A gas that follows Boyle's law, Charle's law and Avogadro's law is called an ideal gas. Under what conditions a real gas would behave ideally?
At low pressure and high temperature, a real gas behaves as an ideal gas. Almost all gases are real gas.
Two different gases ' $A$ ' and ' $B$ ' are filled in separate containers of equal capacity under the same conditions of temperature and pressure. On increasing the pressure slightly the gas ' $A$ ' liquefies but gas $B$ does not liquify even on applying high pressure until it is cooled. Explain this phenomenon.
The temperature above which a gas cannot be liquefied howsoever high pressure may be applied on the gas is called critical temperature. Since, gas 'A' liquifies easily, this suggests gas ' $A$ ' is below its critical temperature. On the other hand, gas 'B' does not liquefy easily even on applying high pressure. This suggests that gas ' $B$ ' is above its chitical temperature.
Value of universal gas constant $(R)$ is same for all gases.
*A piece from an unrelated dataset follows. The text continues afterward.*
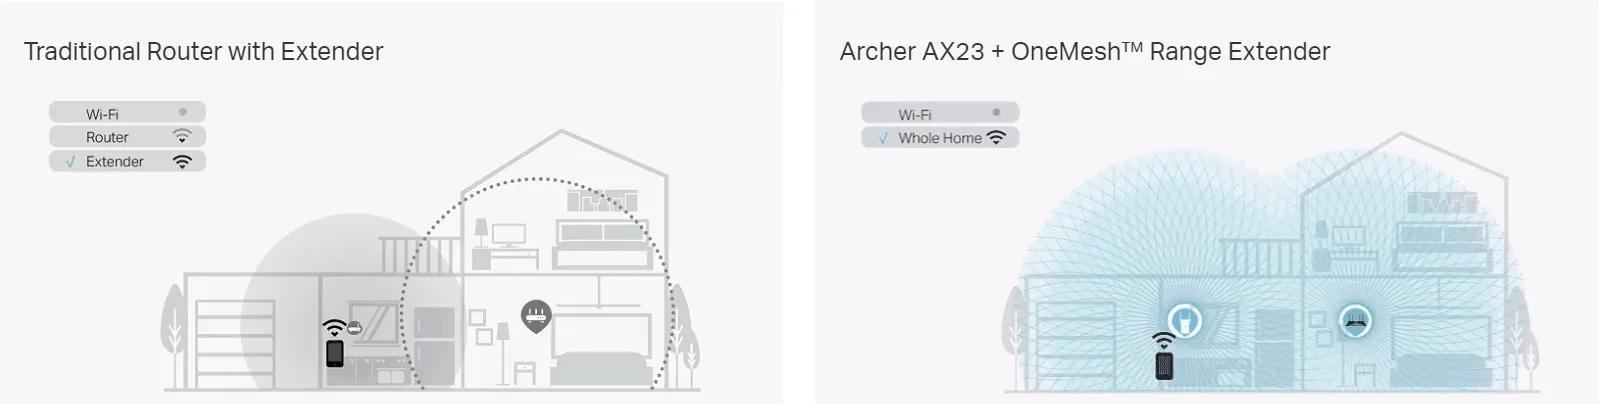 Archer AX23

What is its physical significance?
Unit of $R$ depends upon those units in which $p, V$ and $T$ are measured as, $R=\frac{p V}{n T}$. If pressure is measured in Pascal, per mole volume is measured in $\mathrm{m}^3$ and temperature is measured in Kelvin then units of ' $R$ ' are $\mathrm{Pam}^3 \mathrm{~K}^{-1} \mathrm{~mol}^{-1}$ or $\mathrm{Jmol}^{-1} \mathrm{~K}^{-1}$. Since, joule is the unit of work done, so ' $R$ ' is work done by the gas per mole per kelvin.
One of the assumptions of kinetic theory of gases states that "there is no force of attraction between the molecules of a gas." How far is this statement correct? Is it possible to liquefy an ideal gas? Explain.
This statement is correct only for ideal gases. It is not possible to liquefy an ideal gas because there is no intermolecular forces of attractions between the molecules of an ideal gas.
The magnitude of surface tension of liquid depends on the attractive forces between the molecules. Arrange the following in increasing order of surface tension:
Water, alcohol $\left(\mathrm{C}_2 \mathrm{H}_5 \mathrm{OH}\right)$ and hexane $\left.\left[\mathrm{CH}_3\left(\mathrm{CH}_2\right)_4 \mathrm{CH}_3\right)\right]$.
In the above given molecules, only hexane $\left(\mathrm{CH}_3\left(\mathrm{CH}_2\right)_4 \mathrm{CH}_3\right)$ is a non-polar molecule in which only Landon dispersion forces exist. These forces are very weak while both water and alcohol are polar molecules in which dipole-dipole interactions as well as H -bonding exists.
However, H -bonding interactions are much stronger in water than $\mathrm{H}_2 \mathrm{O}$, therefore, it possesses stronger intermo lecules than alcohol and hexane. Hence, the increasing order of surface tension is
$$\text { hexane }<\text { alcohol }<\text { water }$$
Greater is the attractive forces between the molecules, greater is the magnitude of surface tension of liquid.